Reddit has become one of the most popular places to find penny stocks to watch. And, there are a few good reasons why that is the case. For one, finding penny stocks on Reddit can be a valuable way to gain insight into which stocks are popular. 

[Read More] Penny Stocks To Watch Today As Buying Drives ADMP, IO, LPCN & Others

And with penny stocks, popularity is often a major cause for big gains (and losses). Because of this, investors often scour Reddit to see which stocks are trending, and which could become trending in the coming weeks to months. And as a result, Reddit serves as a great place to begin making a penny stocks watchlist. 

But, with great power comes great responsibility. This means that investors should always be wary of the stocks they stumble across online. While a company may look attractive, it’s always worth doing the proper research to find out everything you can about a stock you’re interested in. 
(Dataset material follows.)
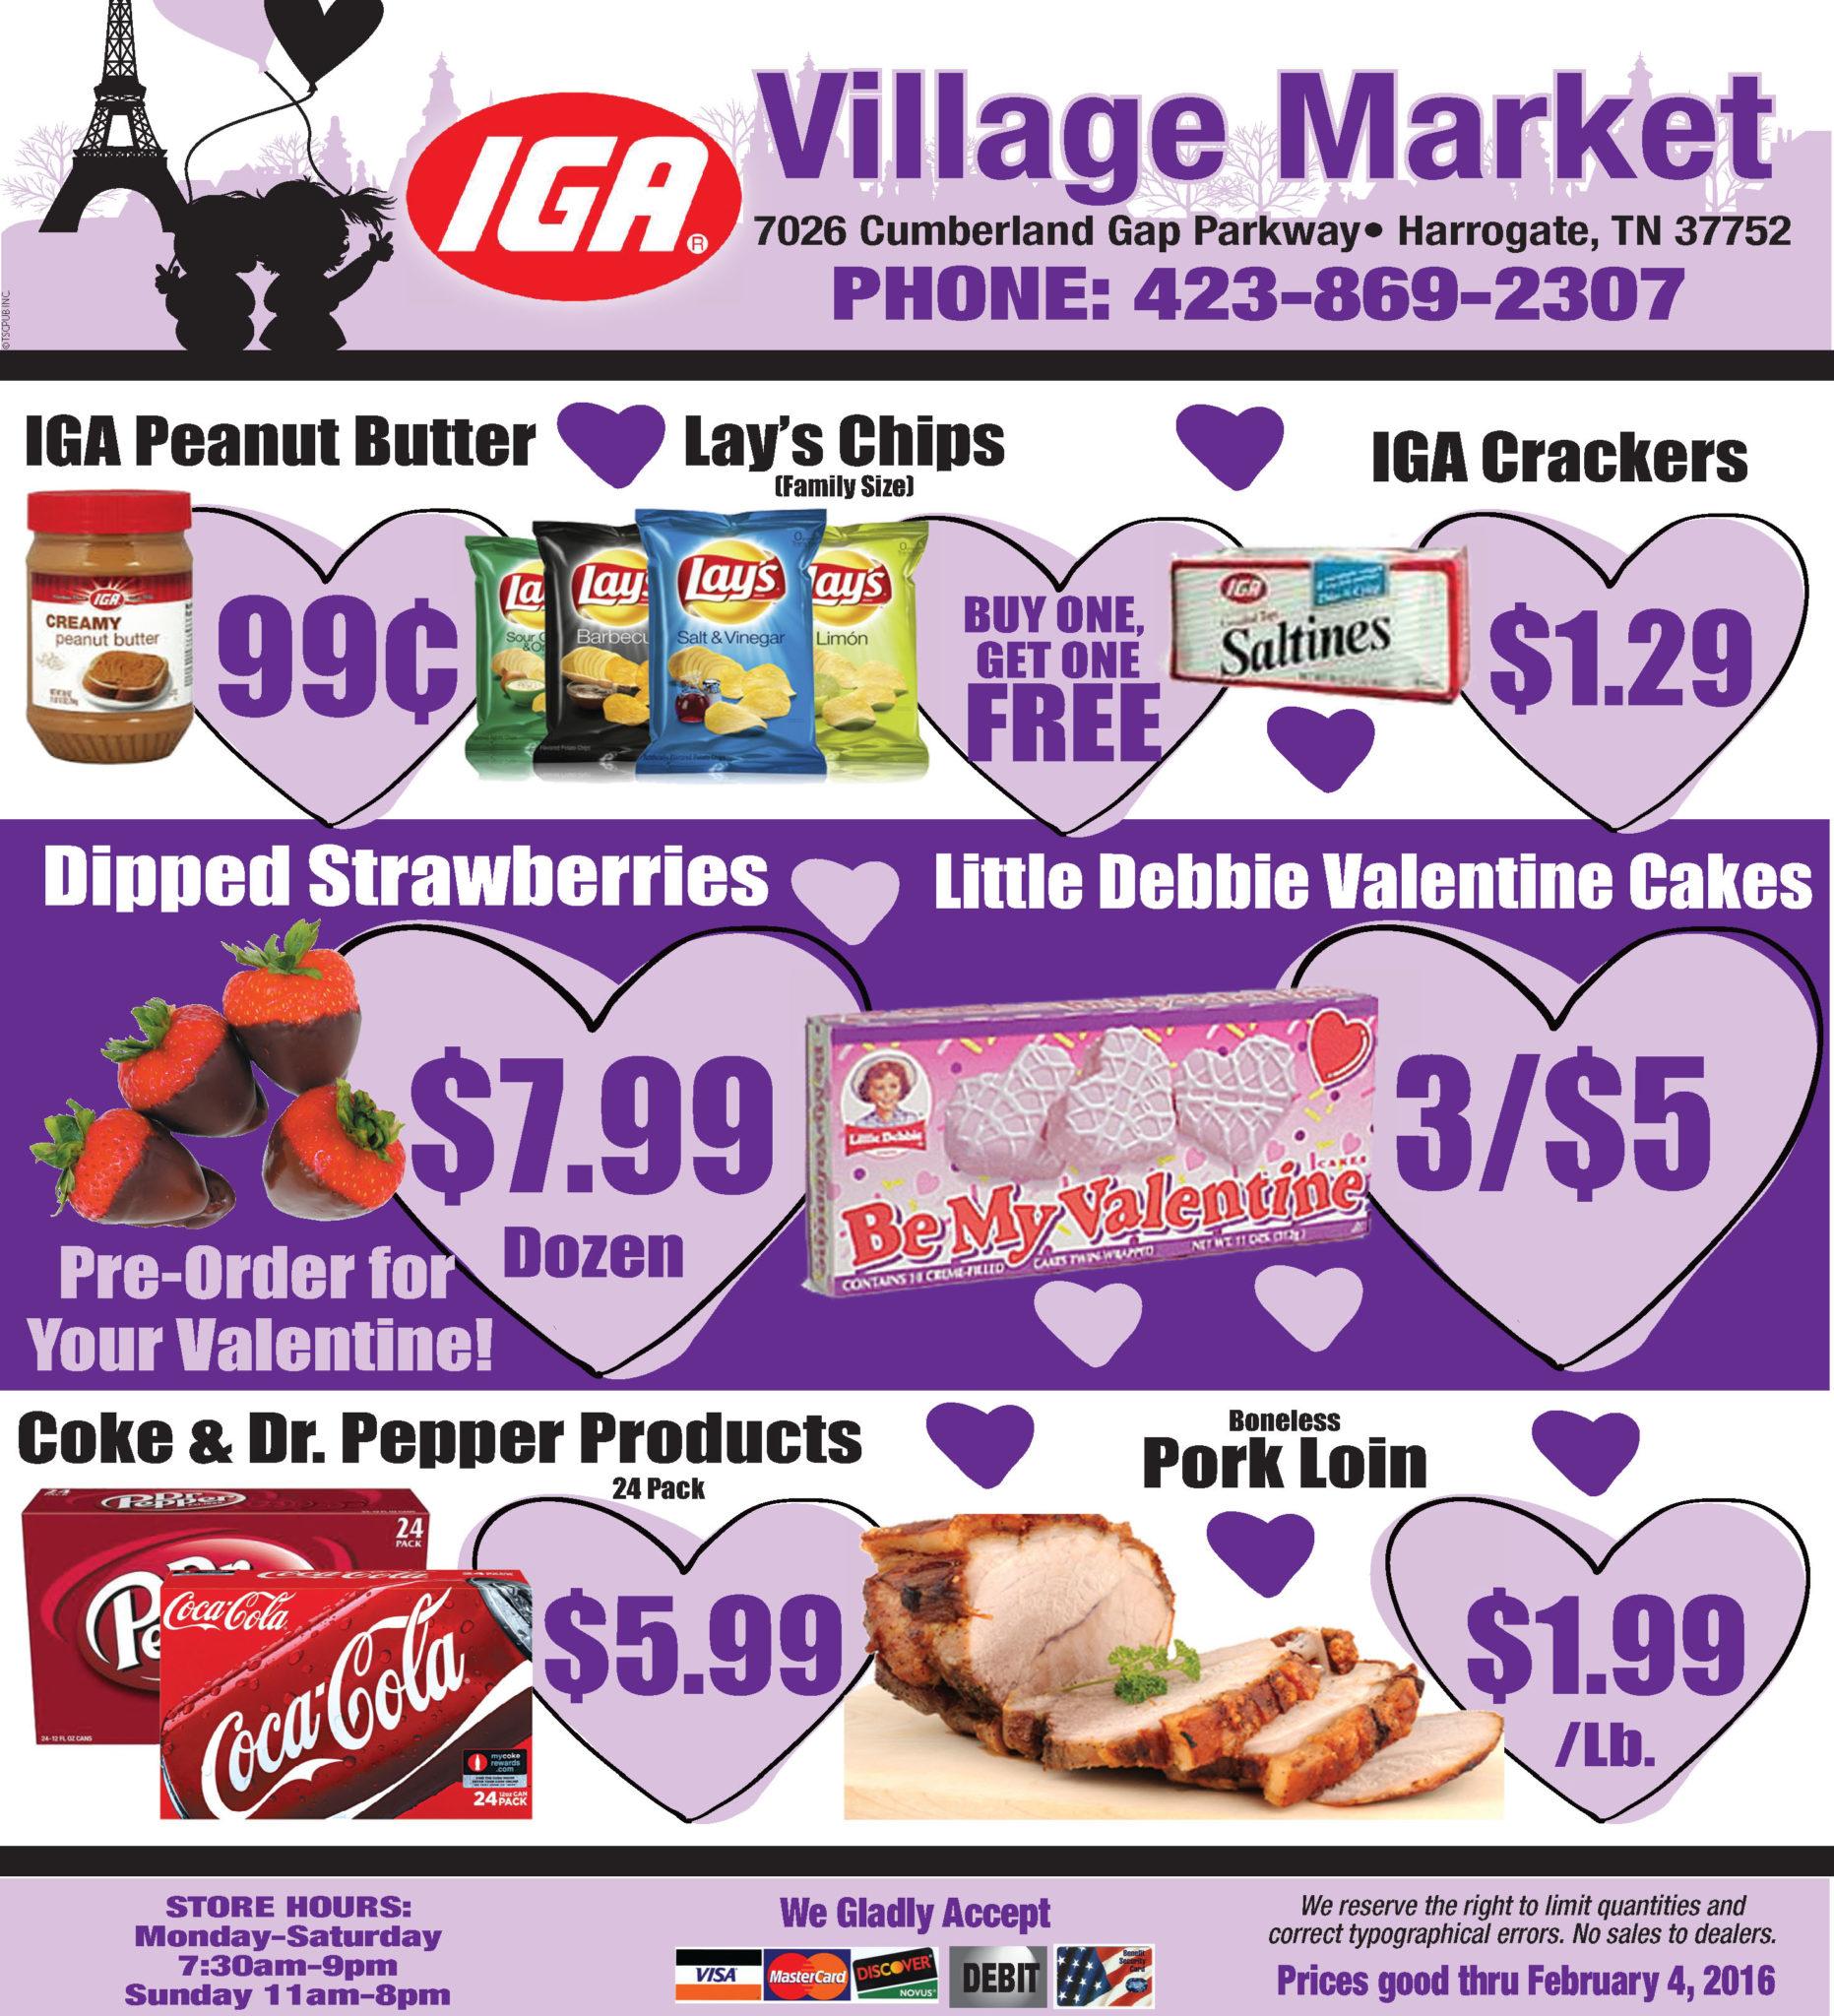 Village Market IGA

Too often, investors will find stocks that look attractive, only to see major losses in their portfolios. And the main reason for this is a lack of research and understanding of what the company does, and what its price action could look like. So, always find out as much information as you can, and use that to your advantage. Considering all of this, let’s take a look at three penny stocks on Reddit to watch in October 2021. 

3 Penny Stocks on Reddit to Watch in October 

  1. LM Funding America Inc. (NASDAQ: LMFA
  2. Ambev S.A. (NYSE: ABEV
  3. Cyren Ltd. (NASDAQ: CYRN

LM Funding America Inc. (NASDAQ: LMFA)

LM Funding America Inc. is a financial penny stock that has climbed by over 23% in the past month. If you’re unfamiliar, LM Funding is a company that offers funding to nonprofit community associations. Primarily, LM Funding America offers its services to those based in Florida, Washington, Illinois, and Colorado. It offers funding to associations by purchasing their rights under delinquent accounts chosen by associations from unpaid assessments.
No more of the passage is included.